Total Characters in String After Transformations I - Video Solutions

Problem Overview: You start with a string s. During each transformation, every character moves to the next letter in the alphabet. When a character reaches 'z', it expands into the two-character string "ab". After performing t transformations, return the total number of characters in the resulting string.

Approach 1: Simulate Transformations with Length Calculation (Time: O(n + 26t), Space: O(26))

Instead of rebuilding the string every round, track how many times each character appears. Use a frequency array of size 26 where count[i] stores the number of occurrences of the i-th letter. For each transformation, shift counts forward: characters 'a' through 'y' move to the next index, while 'z' produces two characters, increasing the counts of 'a' and 'b'. Repeat this update for t rounds. The total length at any step is simply the sum of all frequencies. This approach avoids string concatenation and keeps the state compact using a small fixed array.

The key insight is that the transformation only depends on character counts, not the order of characters. Using counting makes each step constant time with respect to alphabet size. This pattern appears frequently in problems involving repeated string updates and can be viewed as a small-state dynamic programming process combined with simple counting.

Approach 2: Mathematical Simplification Using Exponents (Time: O(n + log t) or O(n + 26t) precompute, Space: O(26))
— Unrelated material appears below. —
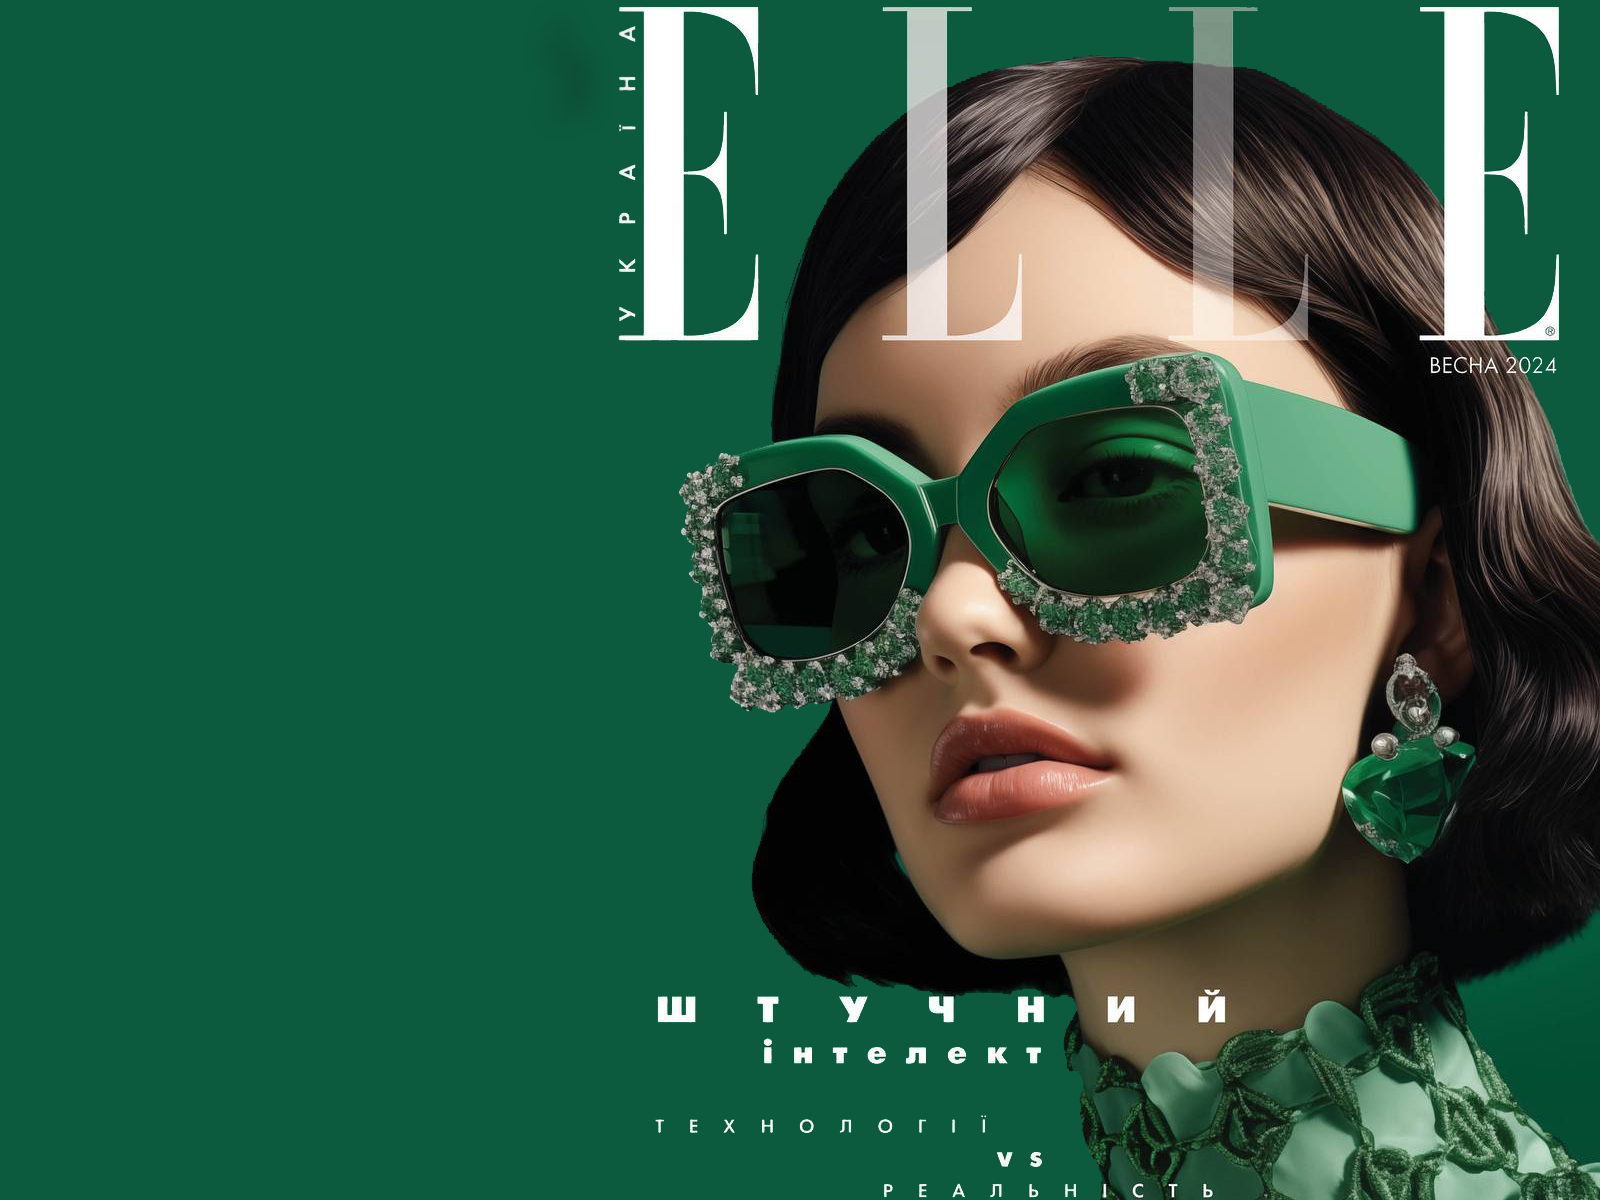 ELLE UKRAINE PRESENTS AN ISSUE DEDICATED TO ARTIFICIAL INTELLIGENCE

Each character contributes to the final length depending on how many times it reaches 'z' within t steps. When that happens, the character splits into two new characters which continue transforming independently. Instead of simulating every step, compute how a single character grows after t transformations. Precompute the growth for each letter by observing when the chain hits 'z' and creates additional characters.

This reduces the problem to summing contributions from the initial characters. For example, if a letter becomes 'z' after k steps, the remaining transformations generate extra characters starting from 'a' and 'b'. Using precomputed growth values or exponent-style recurrence avoids repeatedly shifting arrays and scales better when t becomes large. The reasoning relies on simple alphabet arithmetic and ideas commonly used in math-driven DP transitions.

Recommended for interviews: The counting simulation is the expected solution. It shows you recognize that the string order is irrelevant and that only frequencies matter. Brute string simulation would explode in size, while the 26-slot counting DP keeps updates predictable and efficient. The mathematical simplification demonstrates deeper optimization thinking but usually comes after you explain the counting model.